# Vinyl window repair



## Thomas529 (Nov 16, 2016)

House purchased several years ago with replacement vinyl windows.

Several problems:
Can't determine mfg.
Tilt latch broken on one
All need replacement weatherstripping on bottom on window. It is a bulb type with t slot.

Any suggestion how I can rehab this window?


----------



## joecaption (Nov 16, 2016)

And how would anyone even be able to guess without a picture?
Unlatch the window and remove the whole sash and look over all the sides of the window for any labels or markings, look at the bottom right hand side of the glass for an etched label.
Look to see if there's an aluminum divider strip between the pieces of glass to see if you can see any ID marks. 
This a is a very common issue, why most manufactures do not mark there windows is beyond me.


----------



## oldognewtrick (Nov 17, 2016)

joecaption said:


> This a is a very common issue, why most manufactures do not mark there windows is beyond me.



It's a good way to avoid warranty issues.


----------



## nealtw (Nov 17, 2016)

http://www.swisco.com/cl/Weatherstripping


----------



## Thomas529 (Nov 17, 2016)

And how would anyone even be able to guess without a picture?

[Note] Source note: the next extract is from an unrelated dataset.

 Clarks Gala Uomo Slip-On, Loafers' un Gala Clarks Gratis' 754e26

Really? You could tell mfg from a picture?


----------



## nealtw (Nov 17, 2016)

Would it be better to ask a thousand questions and hope others will understand how you describe things.

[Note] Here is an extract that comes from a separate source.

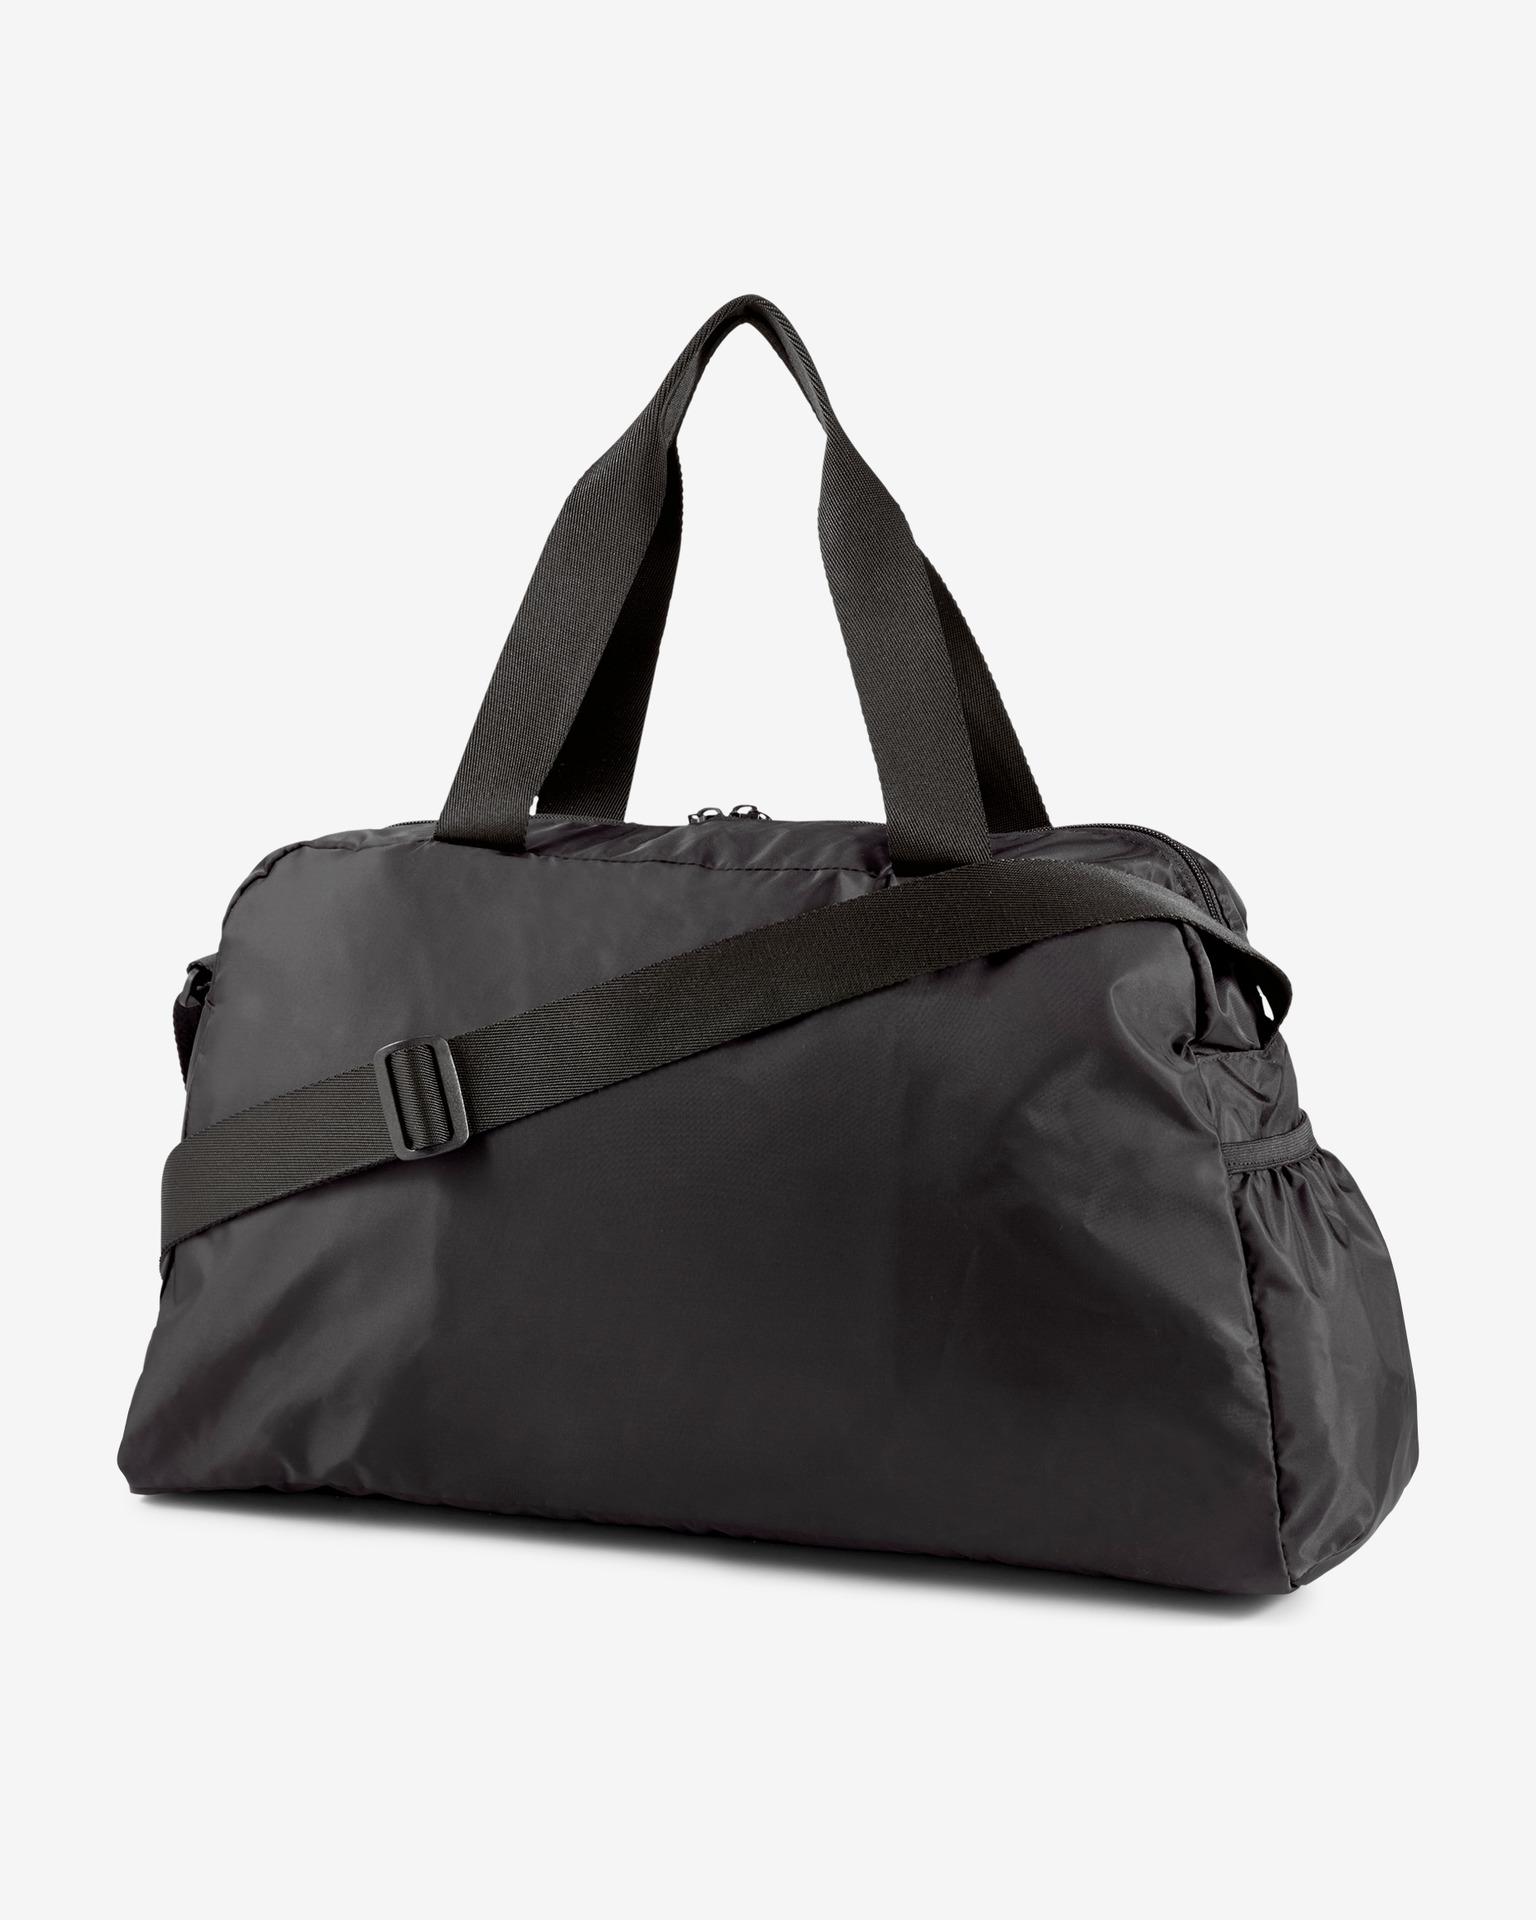 Puma black bag At Ess Grip

Much can be leaned and clarified with a photo.


----------



## Snoonyb (Nov 17, 2016)

Thomas529 said:


> And how would anyone even be able to guess without a picture?
> 
> Really? You could tell mfg from a picture?

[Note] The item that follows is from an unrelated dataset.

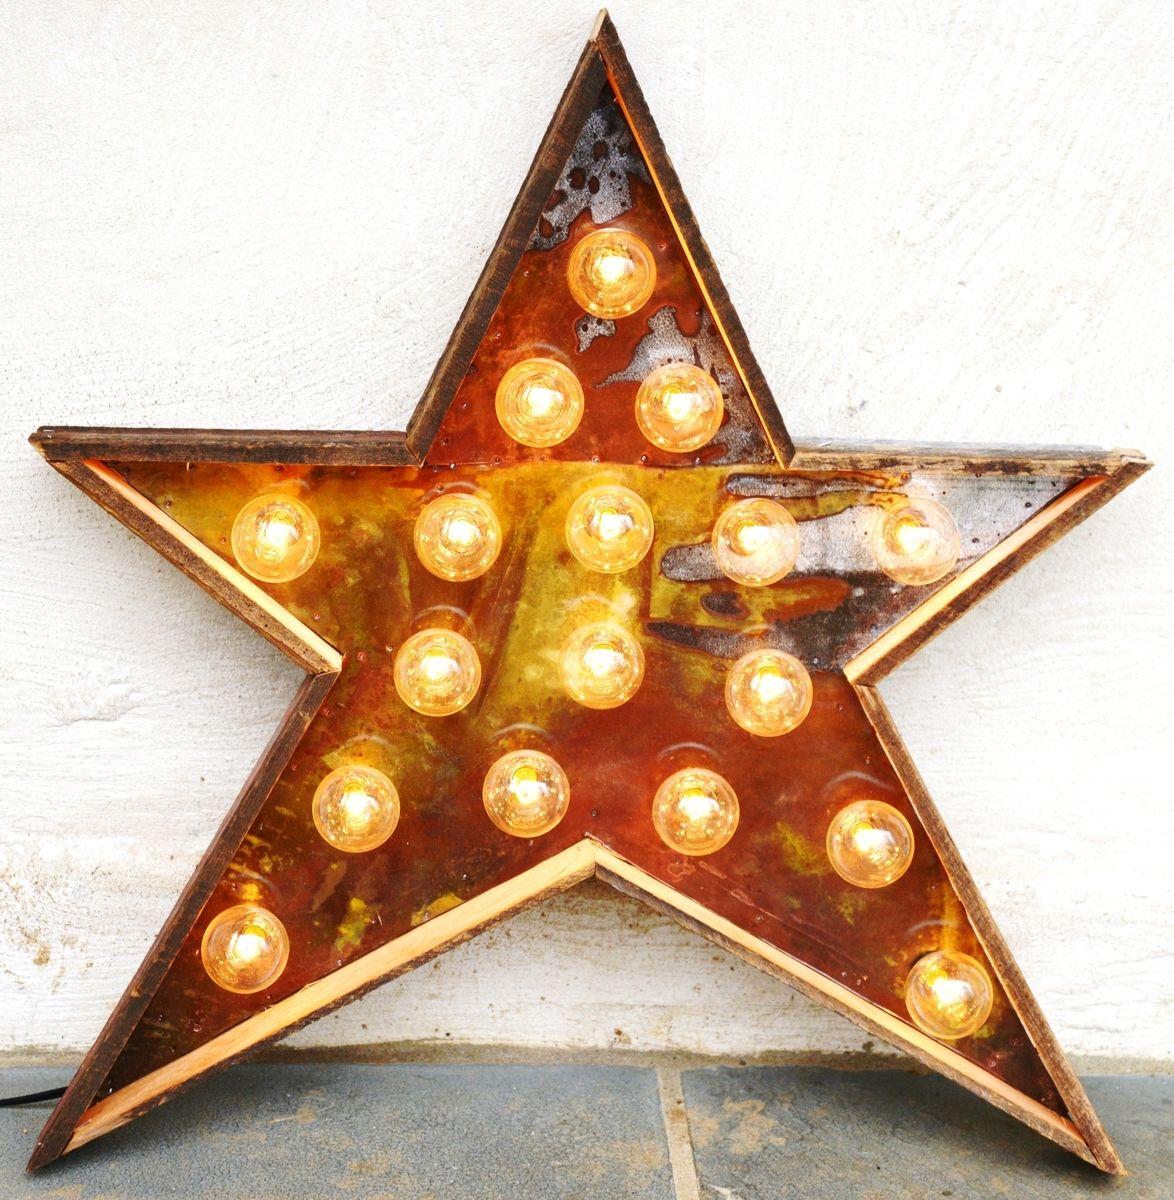 Hand crafted star light fixture metal sign reclaimed barn wood 24 custom made star light fixture metal sign reclaimed barn wood 24 inch diameter arubaitofo Choice Image

Some may recognize the photo of the window, section of the jamb, weatherstrip, latch, etc. as a product they have dealt with.

Or, rather than depending upon the internet, take the camera and a small piece of the weatherstrip to several local window vendors.


----------



## Thomas529 (Nov 18, 2016)

Only one glass shop within 60 miles. They were of no help.
Glass is etched.  MSC. 4-97. I'm guessing 4-97 is mfg date of glass. In 20 yrs I'm guessing mfg is out of business.
MSC don't know what that means.
Working on picture.


----------



## Thomas529 (Nov 18, 2016)

http://www.houserepairtalk.com/attachment.php?attachmentid=12879&stc=1&d=1479489291

http://www.houserepairtalk.com/attachment.php?attachmentid=12880&stc=1&d=1479489291

Pics of broken tilt latch. Pic should be flipped since it's a up down slide.


----------



## nealtw (Nov 18, 2016)

The link I posted in post 4 has a part identifier where you can send them a photo.


----------